The episode has received negative reviews from critics. Colin Jacobson of DVD Movie Guide gave the episode a negative review saying "After two pretty good shows, Season 12 encounters mediocrity with “Poppy”. At no point does the program become poor, but it just lacks many real laughs. Outside of some amusing book fair cameos, this one fails to deliver much zing, and it tends to drag." Mark Naglazas of The West Australian called the episode "disappointing". He remarked that it and "A Tale of Two Springfields" (which premiered the same night in Australia) were "so surreal they would have Salvador Dalí scratching his head". However, he identified John Updike's guest appearance as an example of "sophisticated comedy". The Daily Telegraph said, "The episode gets lost in a quagmire of guest stars. The names range from the sublime to the ridiculous, or to be exact, from Pulitzer Prize-winning author John Updike to actor Drew Barrymore. The script seems designed only to fit in as many big names as possible. Oh for the days when it was the other way round and guest stars fitted in with the script." Judge Mac McEntire of DVD Verdict said the best moment in "Insane Clown Poppy" was Fat Tony and the violin.

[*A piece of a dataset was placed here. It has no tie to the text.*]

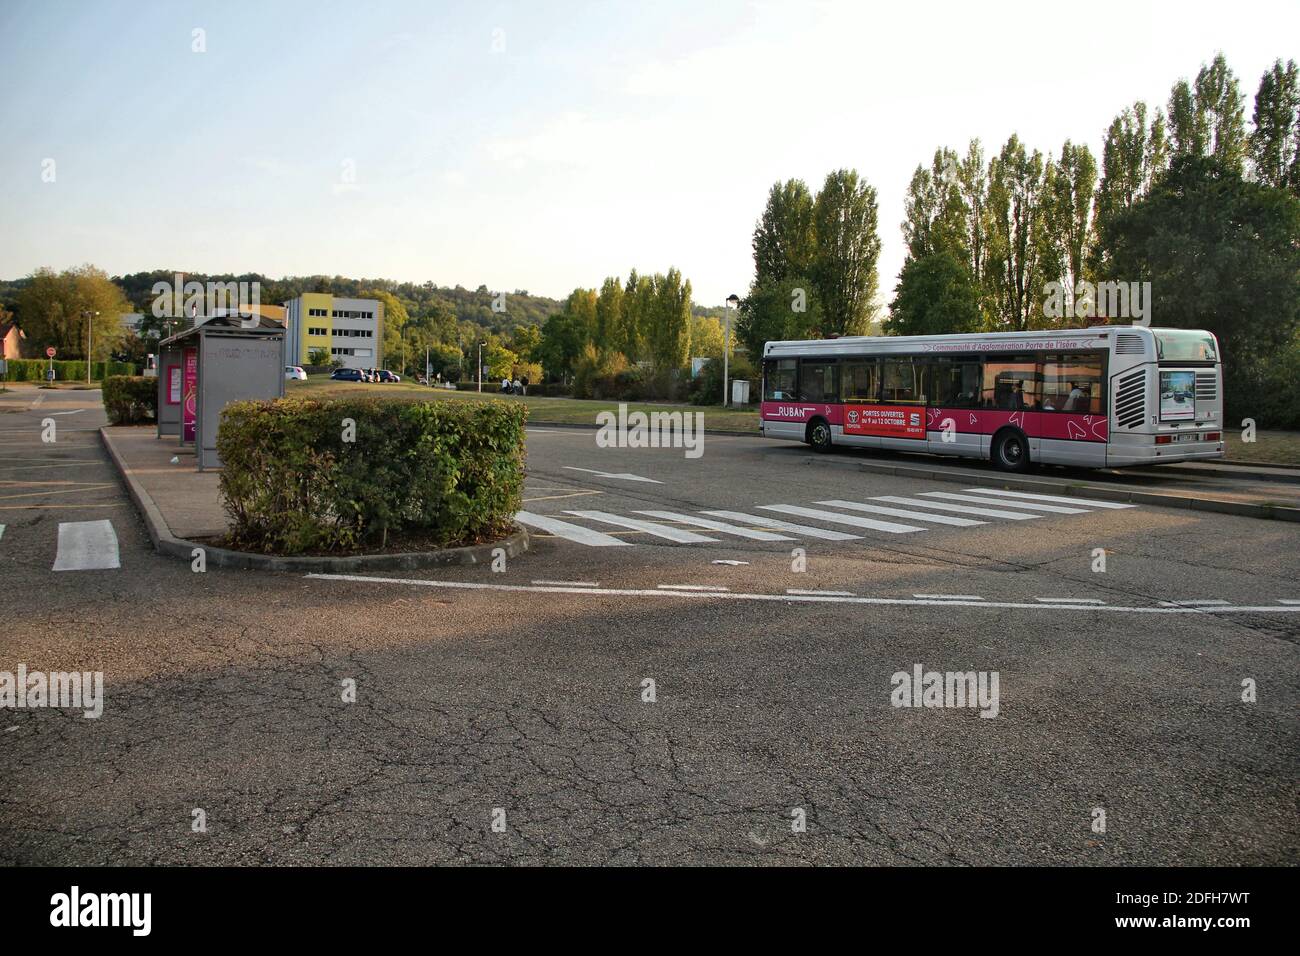 A picture shows the bus station where Victorine Dartois left her friends  and decided to walk back home after missing the bus on September 30, 2020,  in Villefontaine, central-eastern France. The body

===John Updike's reflection===
John Updike described the experience of appearing on The Simpsons to a crowd at the University of Cincinnati in 2001, and his reflections were recorded in the book Updike in Cincinnati. Updike exclaimed vigorously, "I can't claim to be a morbidly avid fan, but I'm basically well-disposed toward The Simpsons, and was flattered to be asked to be one of the many voices that they work into the endless saga of Springfield ... It was the kind of invitation to which you can't say no. I did notice that Amy Tan and Stephen King got many more lines in the episode than I did." He joked that he struggled with the chuckle he had to perform in the episode, saying, "How do you chuckle over a microphone ... to make it worthy of The Simpsons?"